The reality of evil in our world gets driven home day after day in our news reports.  No image more forcefully speaks to me of how real evil is than that of 5 boys executing ISIS prisoners in Syria.  I don't impute the evil personally to the boys, hardly old enough to be responsible for their actions.  Rather the evil is the Jihadist culture/perverted religion/monstrous inhumanity that surrounds them, indoctrinates them, and incites them to such perverse actions.  Their boyhood is stolen from them, their humanity is destroyed.

Ultimately such evil must be seen as only possible because of the reality of free will (still hotly debated by philosophers and denied by rationalists and secularists).  The human person has the ability to choose: and that means one can choose actions that are of themselves evil or have consequences that are evil.  But why?  Psychologists suggest that such choice is possible because one somehow sees what we consider evil to be in fact for them in some way "good".  Which again points to a concept of evil that transcends individual choices, which poisons the mind and perverts one's choices.  And yet we cannot abandon the concept of individual responsibility for all that.

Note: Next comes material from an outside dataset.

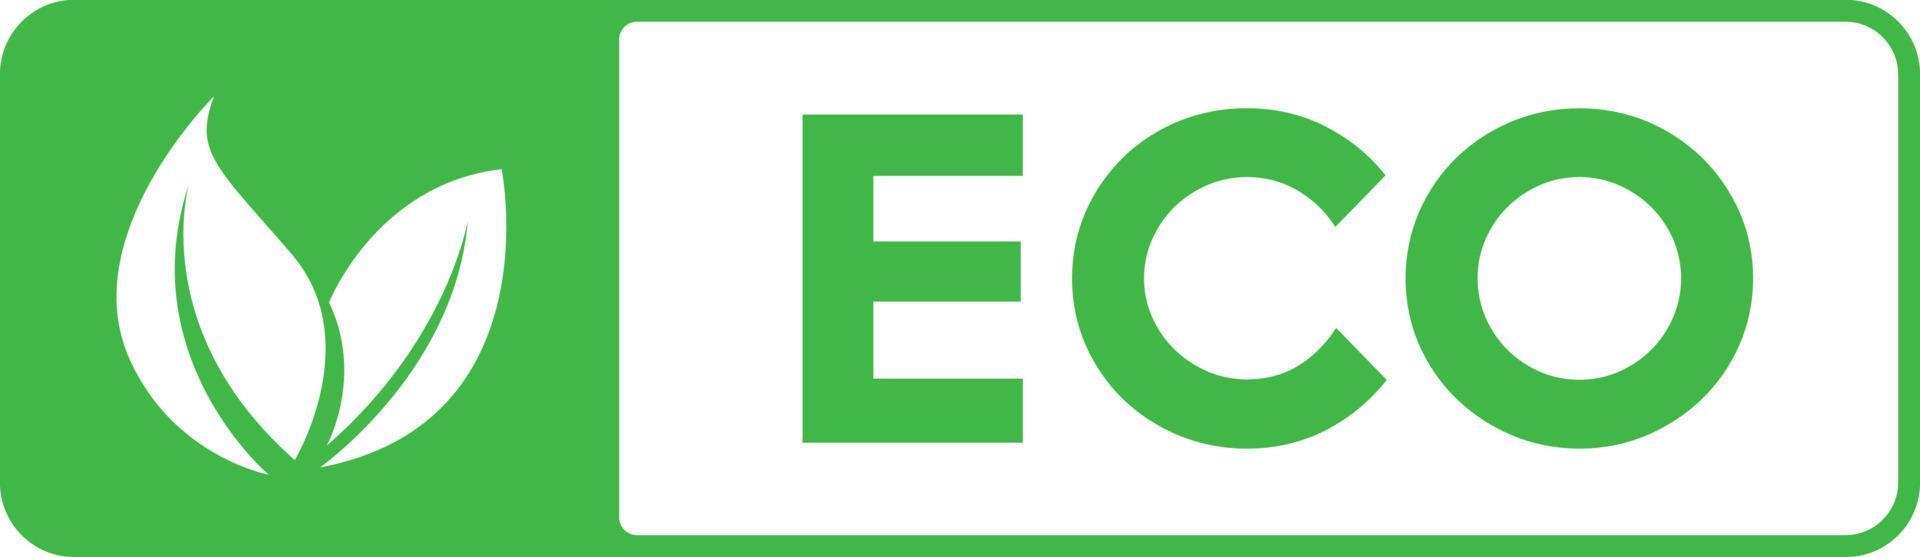 Leaf ecology logo symbol vector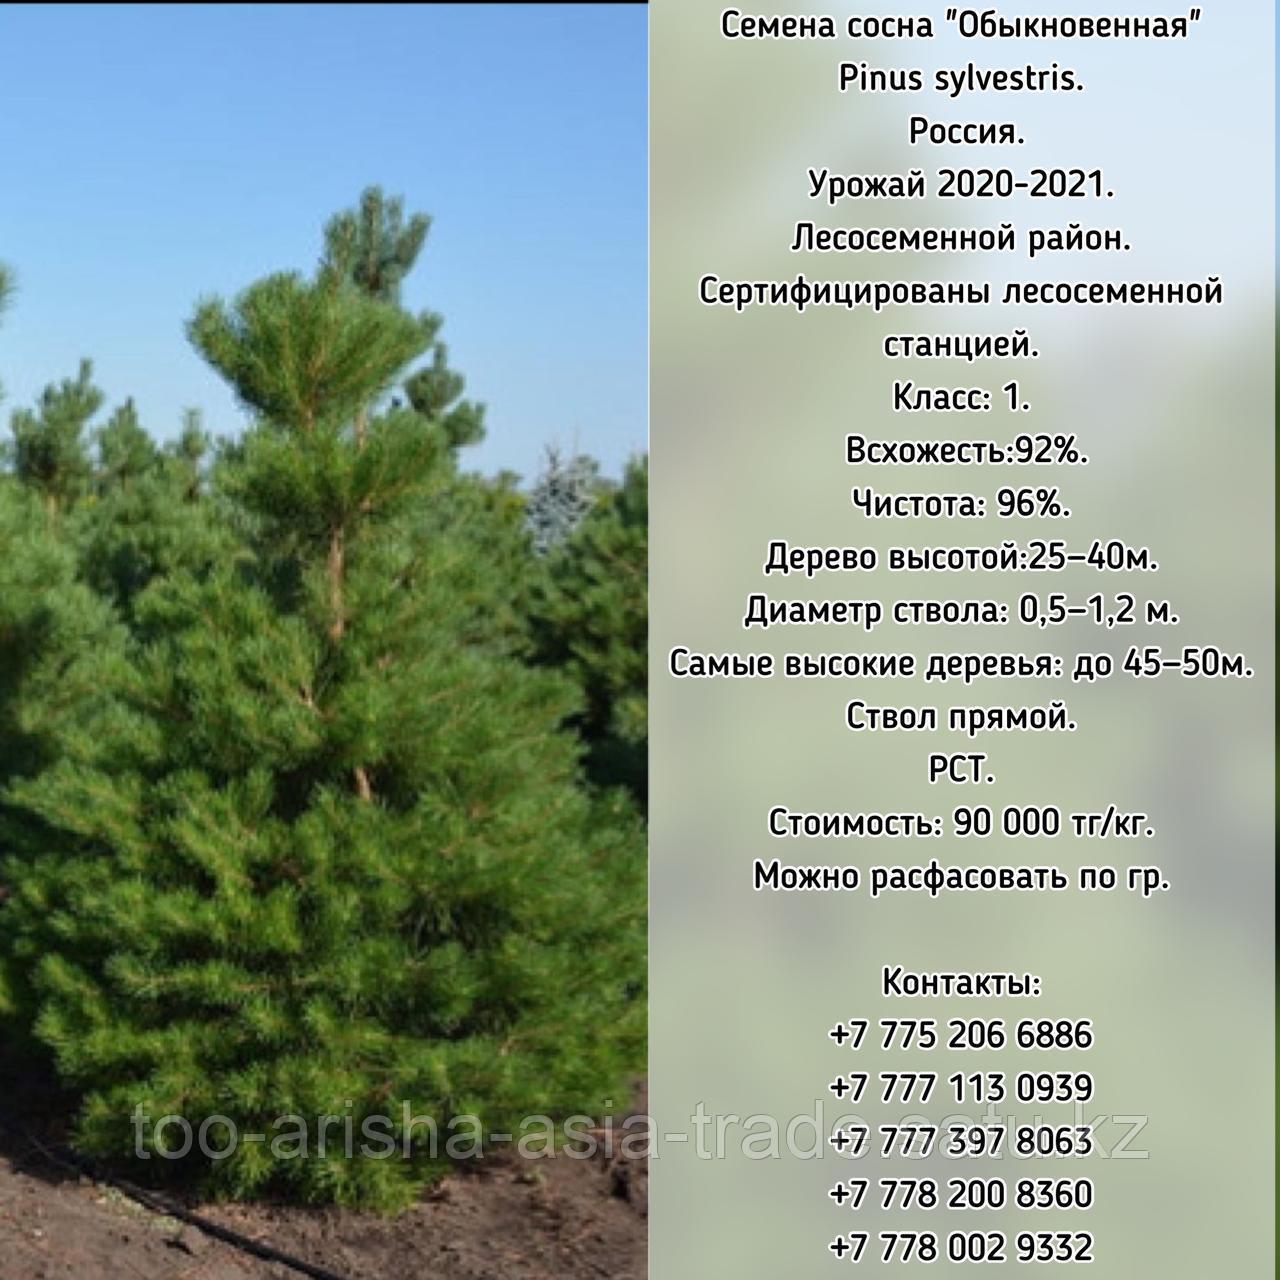 Семена сосна "Обыкновенная" (Pinus sylvestris)   ЭС  Россия

Which raises the question of hell.  To deny its existence is both fashionable and understandable.  It does not sit easily with the concept of an all-merciful God.  And yet the idea that the Jihadists actually are embraced into heavenly bliss as they blow themselves and countless other innocents into eternity is surely unacceptable.  "Judge not", I am reminded.  Yes, it is impossible to know the mind and responsibility of those who perpetrate even the most horrific crimes.  But it is just too much to imagine Mother Teresa welcoming Osama bin Laden for a heavenly morning tea.  

Enter the much maligned and overlooked Catholic doctrine of purgatory.  Can it be that after death an all-merciful God actually gives even the most depraved of his creation an opportunity to purge themselves, to reshape their personality and will, to slowly and painfully come to a realisation of how wrong they have been and to embrace the good they so rejected in this life?  (Romano Guardini wrote insightfully on this.)  But in the end there must remain the possibility that one could reject even such a second chance and freely will to remain eternally in one's evil mindset.  A hell of some sort can't be wished away.